## WHAT YOU NEED TO DO
Range to repeat from the listing below: the line containing "Hurley Dri-FIT Universal" down to the line containing "Figure US20090134784A1-20090528-C00019", both included. Copy it exactly, pictures excluded, and add nothing else.

## MATERIAL PROVIDED

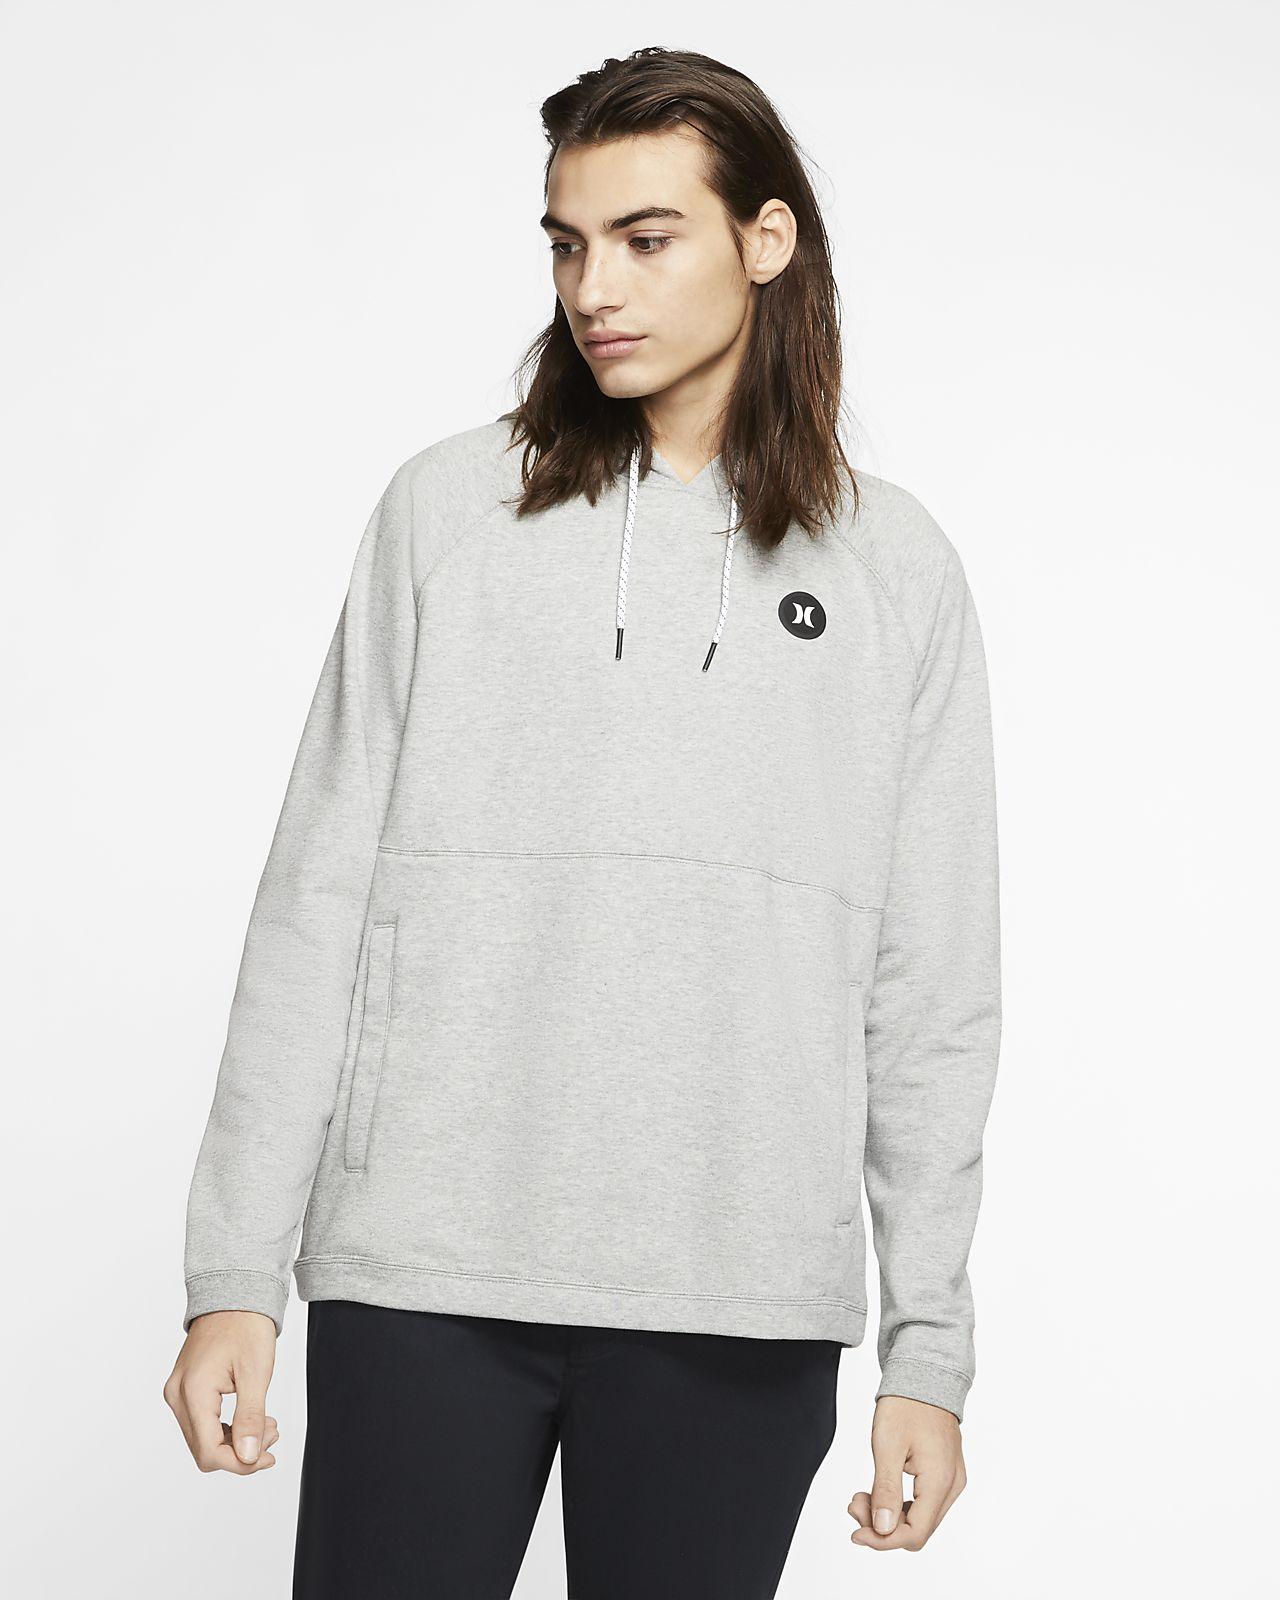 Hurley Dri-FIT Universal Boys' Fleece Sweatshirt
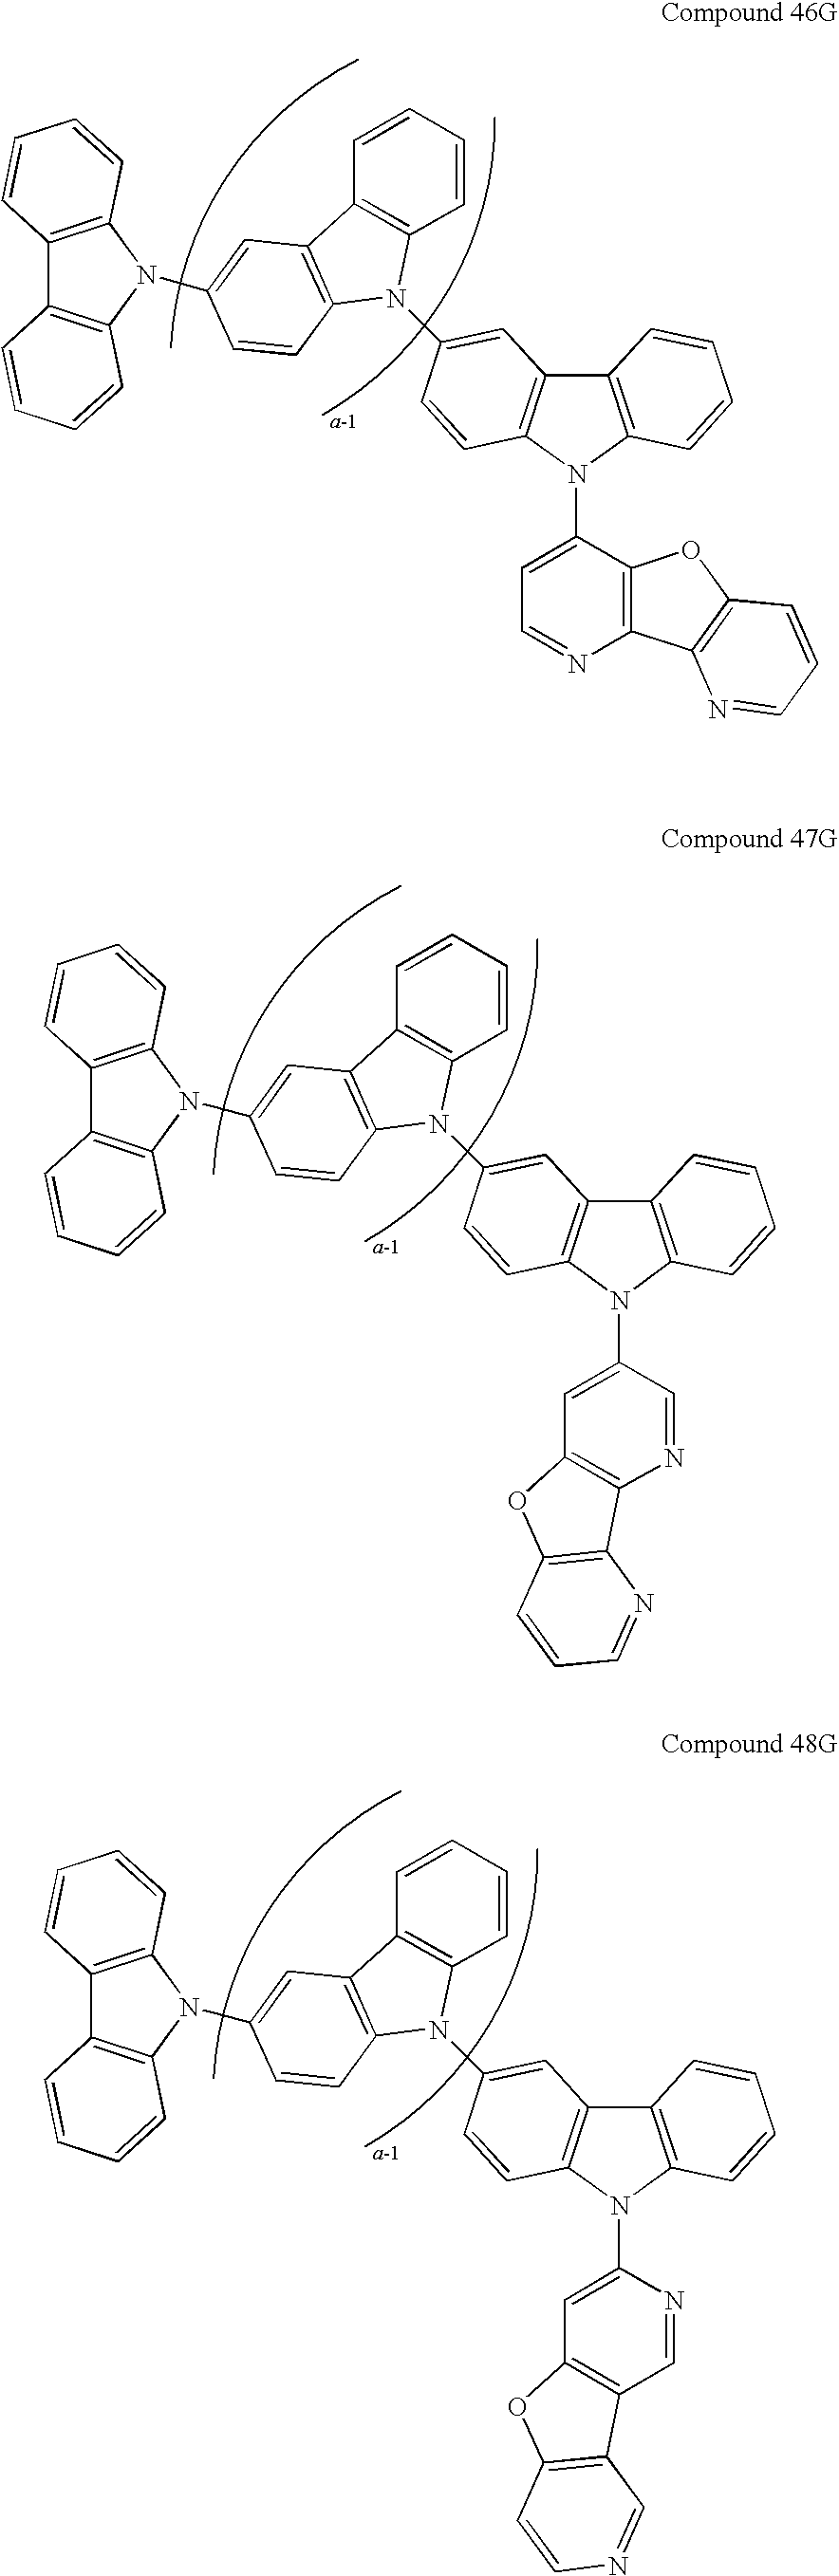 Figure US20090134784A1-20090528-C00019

==

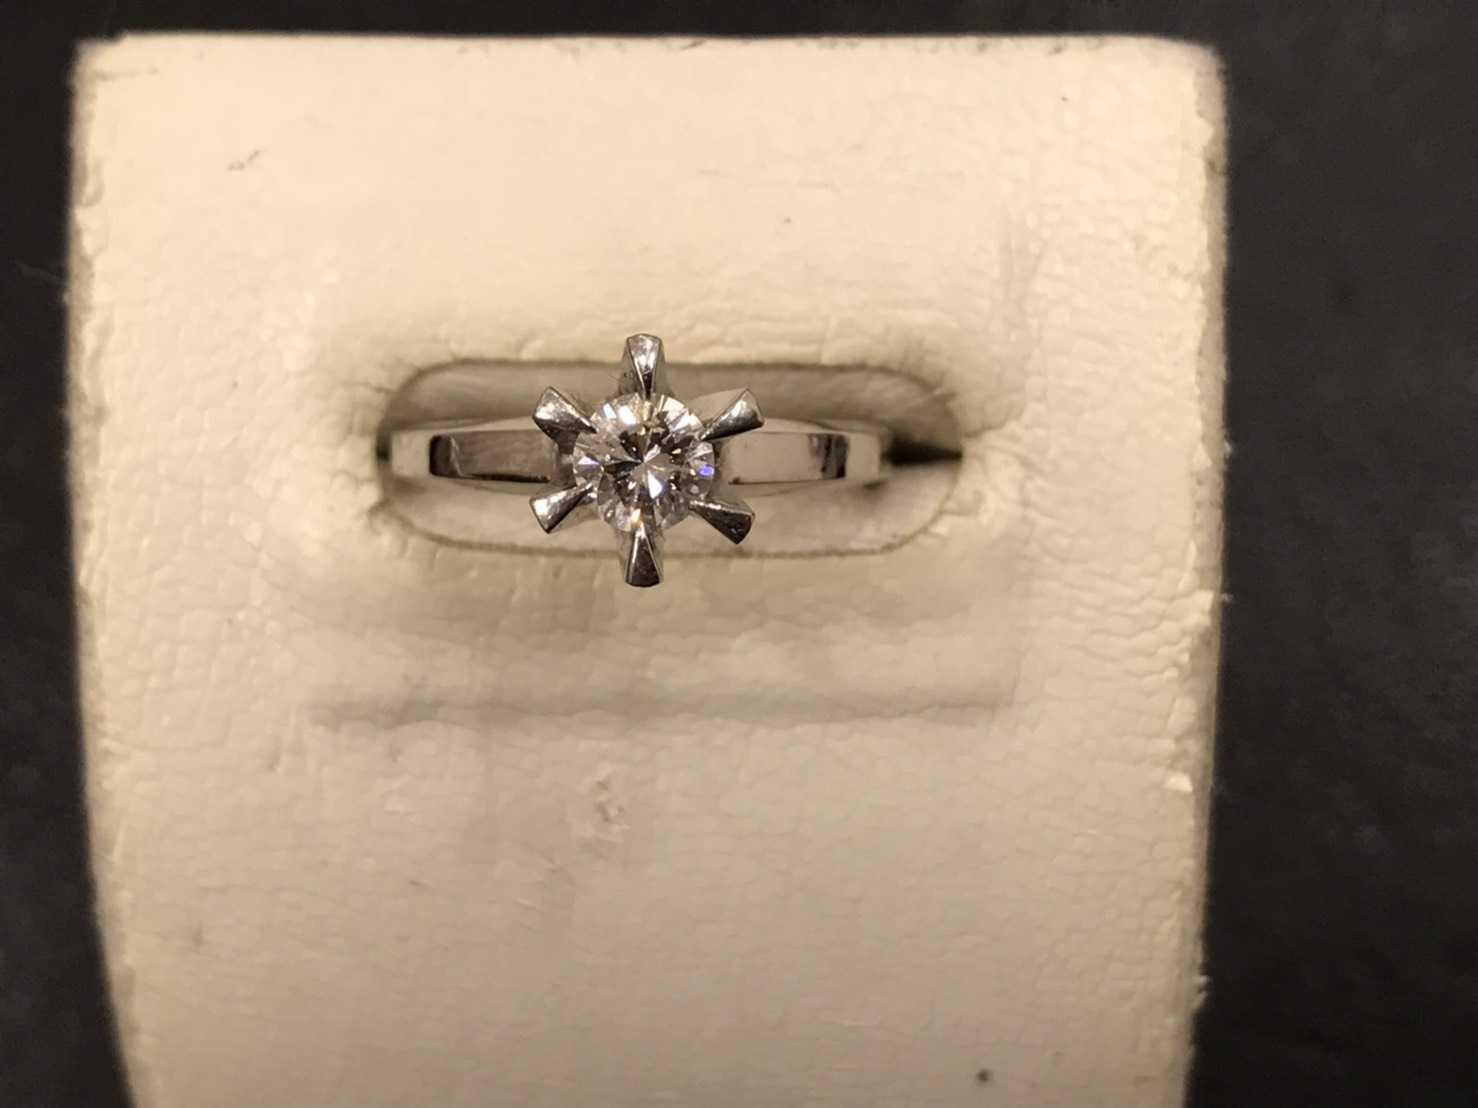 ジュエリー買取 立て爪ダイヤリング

## WRITTEN ANSWER
 Hurley Dri-FIT Universal Boys' Fleece Sweatshirt
 Figure US20090134784A1-20090528-C00019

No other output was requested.